New Hampshire Motor Transport Ass'n Employee Benefit Trust v. New Hampshire Insurance Guaranty Ass'n

914 A.2d 812, 154 N.H. 618, 2006 N.H. LEXIS 203
CourtSupreme Court of New Hampshire
DecidedDecember 21, 2006
Docket2006-003
StatusPublished
Cited by3 cases

This text of 914 A.2d 812 (New Hampshire Motor Transport Ass'n Employee Benefit Trust v. New Hampshire Insurance Guaranty Ass'n) is published on Counsel Stack Legal Research, covering Supreme Court of New Hampshire primary law. Counsel Stack provides free access to over 12 million legal documents including statutes, case law, regulations, and constitutions.

Bluebook
New Hampshire Motor Transport Ass'n Employee Benefit Trust v. New Hampshire Insurance Guaranty Ass'n, 914 A.2d 812, 154 N.H. 618, 2006 N.H. LEXIS 203 (N.H. 2006).

Opinion

BRODERICK, C.J.

The petitioner, New Hampshire Motor Transport Association Employee Benefit Trust (Trust), appeals an order of the Superior Court {Fitzgerald, J.) denying its motions for summary judgment and granting the summary judgment motions of the respondents, New Hampshire Insurance Guaranty Association (NHIGA) and New Hampshire Life and Health Insurance Guaranty Association (NHLHIGA). The trial court ruled that neither NHIGA nor NHLHIGA was obligated to cover claims that the Trust’s insolvent insurer was unable to pay because the Trust itself was an insurer and because the policy under which the *619 Trust’s unpaid claims arose was for reinsurance rather than direct insurance. We affirm.
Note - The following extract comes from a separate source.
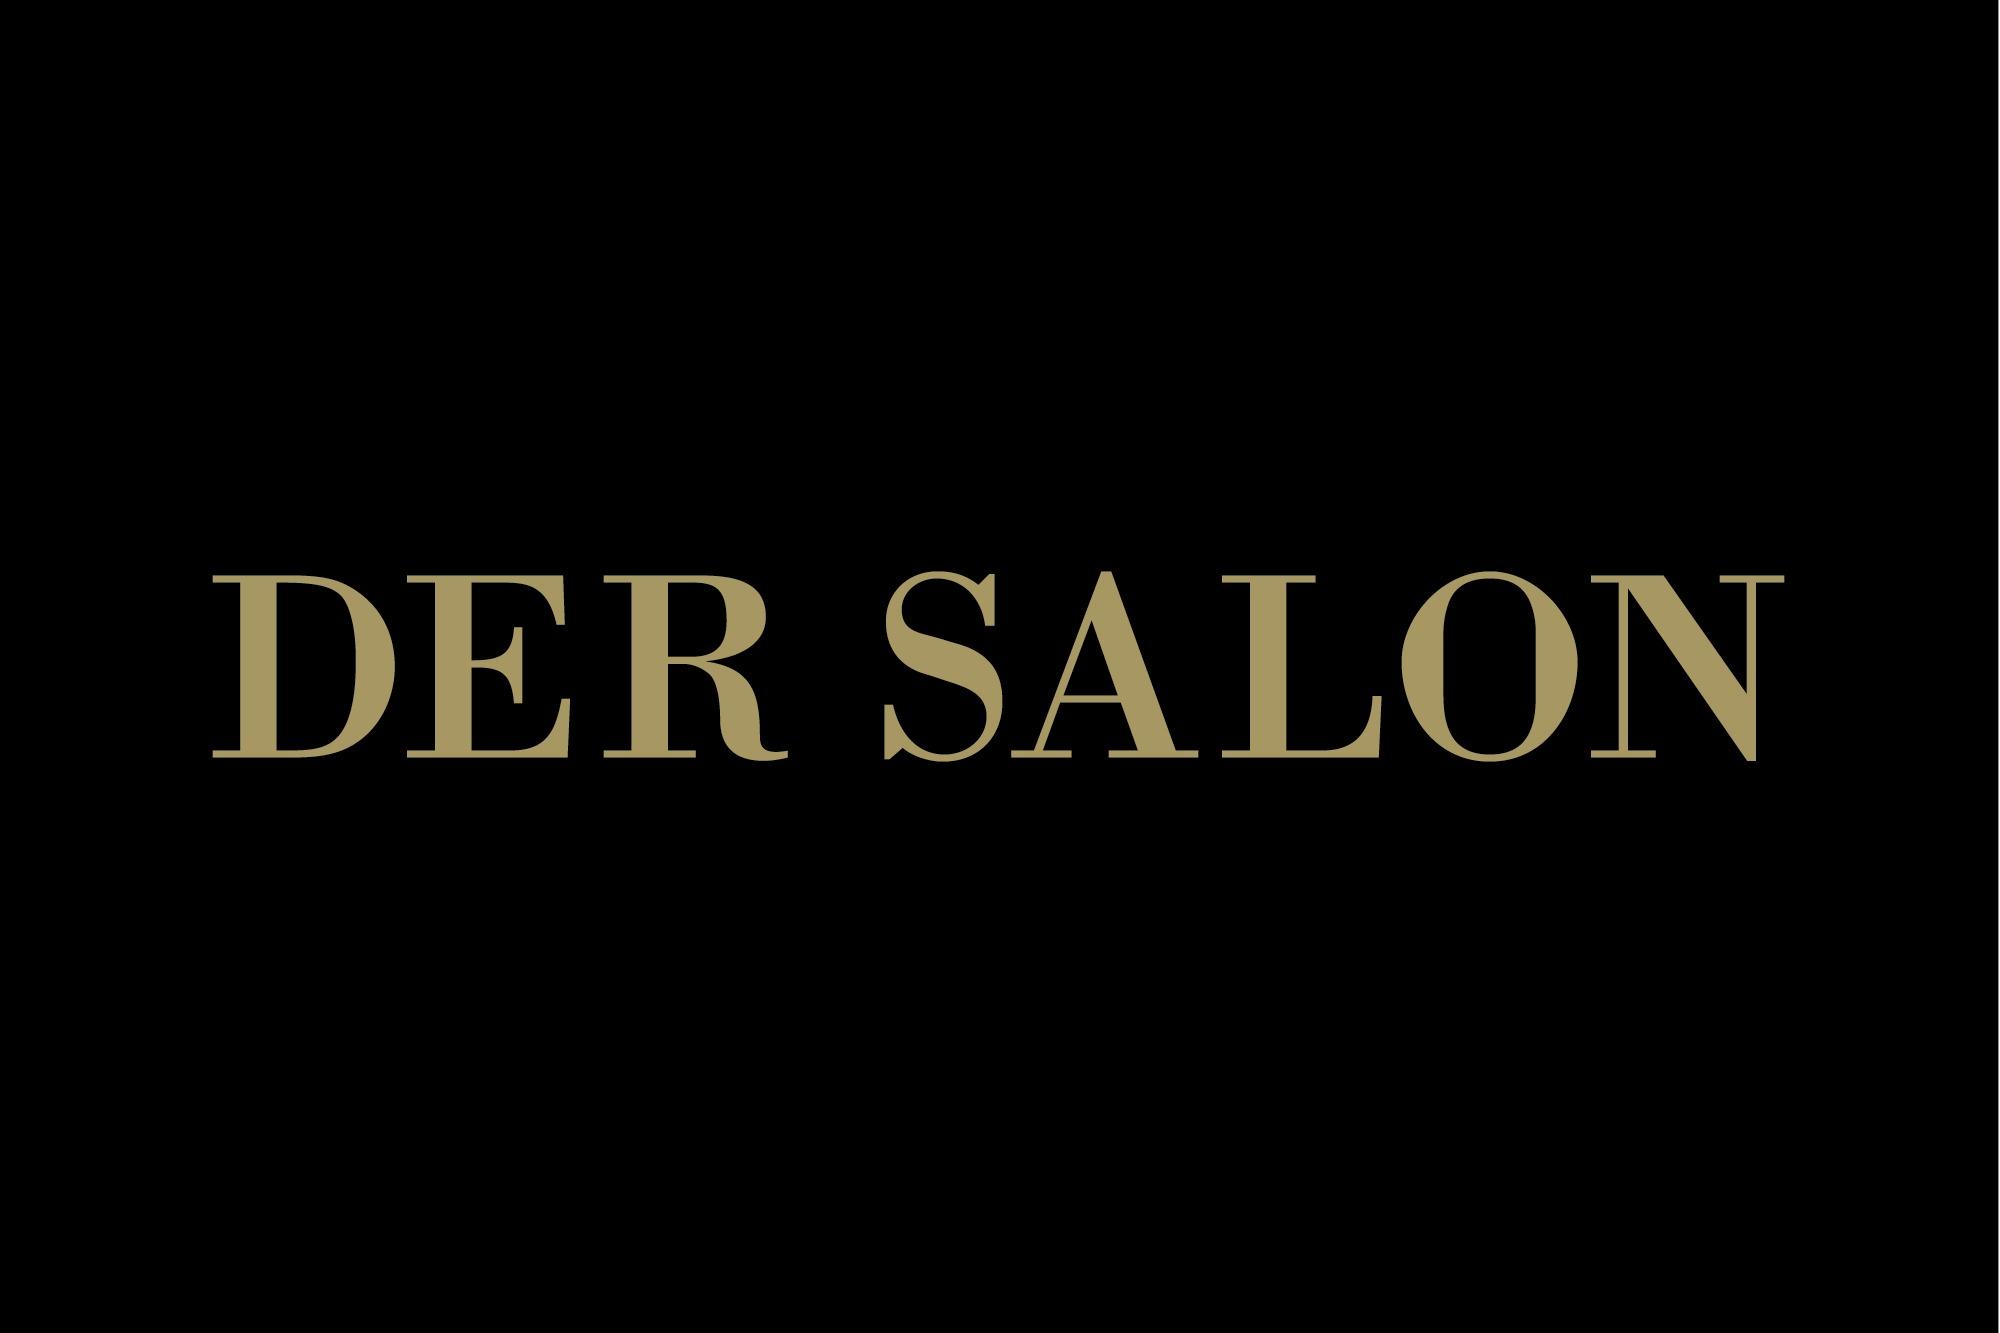 Studio dos, Grafikdesign Osnabrück, Der Salon Logo

The facts are not in dispute. The Trust is a non-profit multiple-employer welfare arrangement (arrangement) organized under the federal Employee Retirement Income Security Act of 1983 and RSA chapter 415-E (2006). Its purpose is to provide a health care benefit program for the employees of members of the New Hampshire Motor Transport Association. The Trust is administered by Anthem Blue Cross and Blue Shield. Each member employer pays into the Trust a fixed amount per employee, and all employers pay the same amount per employee, regardless of their individual claim histories. The money is deposited into a pooled account, which is used to pay claims submitted by or on behalf of those covered by the Trust and to cover the Trust’s administrative expenses. If, in a given year, employer contributions exceed the amount needed to cover administrative expenses and pay claims, the surplus is used to reduce the amount that Trust members are required to contribute the following year. On the other hand, if claims exceed the amount the Trust has collected from its members in a given year, the members are required to make additional contributions, based upon the number of employees they have, to cover the shortfall.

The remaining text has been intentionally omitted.